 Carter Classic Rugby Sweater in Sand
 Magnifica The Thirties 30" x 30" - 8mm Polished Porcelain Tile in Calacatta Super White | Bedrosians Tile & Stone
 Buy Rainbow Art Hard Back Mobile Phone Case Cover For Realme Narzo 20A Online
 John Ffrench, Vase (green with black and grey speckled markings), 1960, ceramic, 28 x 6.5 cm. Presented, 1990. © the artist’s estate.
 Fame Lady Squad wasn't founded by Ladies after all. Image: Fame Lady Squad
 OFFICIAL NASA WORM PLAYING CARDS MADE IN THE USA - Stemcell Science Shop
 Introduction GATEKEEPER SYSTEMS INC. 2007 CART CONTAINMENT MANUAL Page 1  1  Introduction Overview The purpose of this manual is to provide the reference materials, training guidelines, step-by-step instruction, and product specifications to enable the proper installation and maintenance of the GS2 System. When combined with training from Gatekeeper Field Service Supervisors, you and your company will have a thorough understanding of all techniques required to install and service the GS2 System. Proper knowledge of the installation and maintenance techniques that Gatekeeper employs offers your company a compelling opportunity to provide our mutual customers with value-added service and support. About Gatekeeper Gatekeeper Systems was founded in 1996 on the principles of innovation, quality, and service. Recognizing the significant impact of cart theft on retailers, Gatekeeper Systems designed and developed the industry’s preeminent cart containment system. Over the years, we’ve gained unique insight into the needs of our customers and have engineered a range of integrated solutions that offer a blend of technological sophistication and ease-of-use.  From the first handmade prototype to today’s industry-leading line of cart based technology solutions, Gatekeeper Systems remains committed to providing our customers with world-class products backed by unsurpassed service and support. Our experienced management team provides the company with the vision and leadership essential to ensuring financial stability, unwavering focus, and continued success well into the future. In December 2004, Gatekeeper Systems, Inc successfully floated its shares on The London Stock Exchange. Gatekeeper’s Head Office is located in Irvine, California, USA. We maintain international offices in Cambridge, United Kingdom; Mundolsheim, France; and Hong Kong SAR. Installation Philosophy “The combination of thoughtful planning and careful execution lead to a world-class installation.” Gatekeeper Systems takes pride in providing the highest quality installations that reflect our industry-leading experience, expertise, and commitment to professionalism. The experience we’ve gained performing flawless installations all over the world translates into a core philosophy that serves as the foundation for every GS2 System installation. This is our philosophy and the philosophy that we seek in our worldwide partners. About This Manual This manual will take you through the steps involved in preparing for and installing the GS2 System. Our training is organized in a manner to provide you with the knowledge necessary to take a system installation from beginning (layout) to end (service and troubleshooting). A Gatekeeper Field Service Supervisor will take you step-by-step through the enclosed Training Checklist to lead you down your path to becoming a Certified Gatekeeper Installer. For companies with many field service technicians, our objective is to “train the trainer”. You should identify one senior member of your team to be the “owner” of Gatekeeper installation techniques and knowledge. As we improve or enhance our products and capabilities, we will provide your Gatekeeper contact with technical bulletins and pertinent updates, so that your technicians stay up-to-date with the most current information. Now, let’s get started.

-- -- --

◆ Directions for this task ◆
Reproduce the listing in full. Change nothing.

◆ Task output ◆
 Carter Classic Rugby Sweater in Sand
 Magnifica The Thirties 30" x 30" - 8mm Polished Porcelain Tile in Calacatta Super White | Bedrosians Tile & Stone
 Buy Rainbow Art Hard Back Mobile Phone Case Cover For Realme Narzo 20A Online
 John Ffrench, Vase (green with black and grey speckled markings), 1960, ceramic, 28 x 6.5 cm. Presented, 1990. © the artist’s estate.
 Fame Lady Squad wasn't founded by Ladies after all. Image: Fame Lady Squad
 OFFICIAL NASA WORM PLAYING CARDS MADE IN THE USA - Stemcell Science Shop
 Introduction GATEKEEPER SYSTEMS INC. 2007 CART CONTAINMENT MANUAL Page 1  1  Introduction Overview The purpose of this manual is to provide the reference materials, training guidelines, step-by-step instruction, and product specifications to enable the proper installation and maintenance of the GS2 System. When combined with training from Gatekeeper Field Service Supervisors, you and your company will have a thorough understanding of all techniques required to install and service the GS2 System. Proper knowledge of the installation and maintenance techniques that Gatekeeper employs offers your company a compelling opportunity to provide our mutual customers with value-added service and support. About Gatekeeper Gatekeeper Systems was founded in 1996 on the principles of innovation, quality, and service. Recognizing the significant impact of cart theft on retailers, Gatekeeper Systems designed and developed the industry’s preeminent cart containment system. Over the years, we’ve gained unique insight into the needs of our customers and have engineered a range of integrated solutions that offer a blend of technological sophistication and ease-of-use.  From the first handmade prototype to today’s industry-leading line of cart based technology solutions, Gatekeeper Systems remains committed to providing our customers with world-class products backed by unsurpassed service and support. Our experienced management team provides the company with the vision and leadership essential to ensuring financial stability, unwavering focus, and continued success well into the future. In December 2004, Gatekeeper Systems, Inc successfully floated its shares on The London Stock Exchange. Gatekeeper’s Head Office is located in Irvine, California, USA. We maintain international offices in Cambridge, United Kingdom; Mundolsheim, France; and Hong Kong SAR. Installation Philosophy “The combination of thoughtful planning and careful execution lead to a world-class installation.” Gatekeeper Systems takes pride in providing the highest quality installations that reflect our industry-leading experience, expertise, and commitment to professionalism. The experience we’ve gained performing flawless installations all over the world translates into a core philosophy that serves as the foundation for every GS2 System installation. This is our philosophy and the philosophy that we seek in our worldwide partners. About This Manual This manual will take you through the steps involved in preparing for and installing the GS2 System. Our training is organized in a manner to provide you with the knowledge necessary to take a system installation from beginning (layout) to end (service and troubleshooting). A Gatekeeper Field Service Supervisor will take you step-by-step through the enclosed Training Checklist to lead you down your path to becoming a Certified Gatekeeper Installer. For companies with many field service technicians, our objective is to “train the trainer”. You should identify one senior member of your team to be the “owner” of Gatekeeper installation techniques and knowledge. As we improve or enhance our products and capabilities, we will provide your Gatekeeper contact with technical bulletins and pertinent updates, so that your technicians stay up-to-date with the most current information. Now, let’s get started.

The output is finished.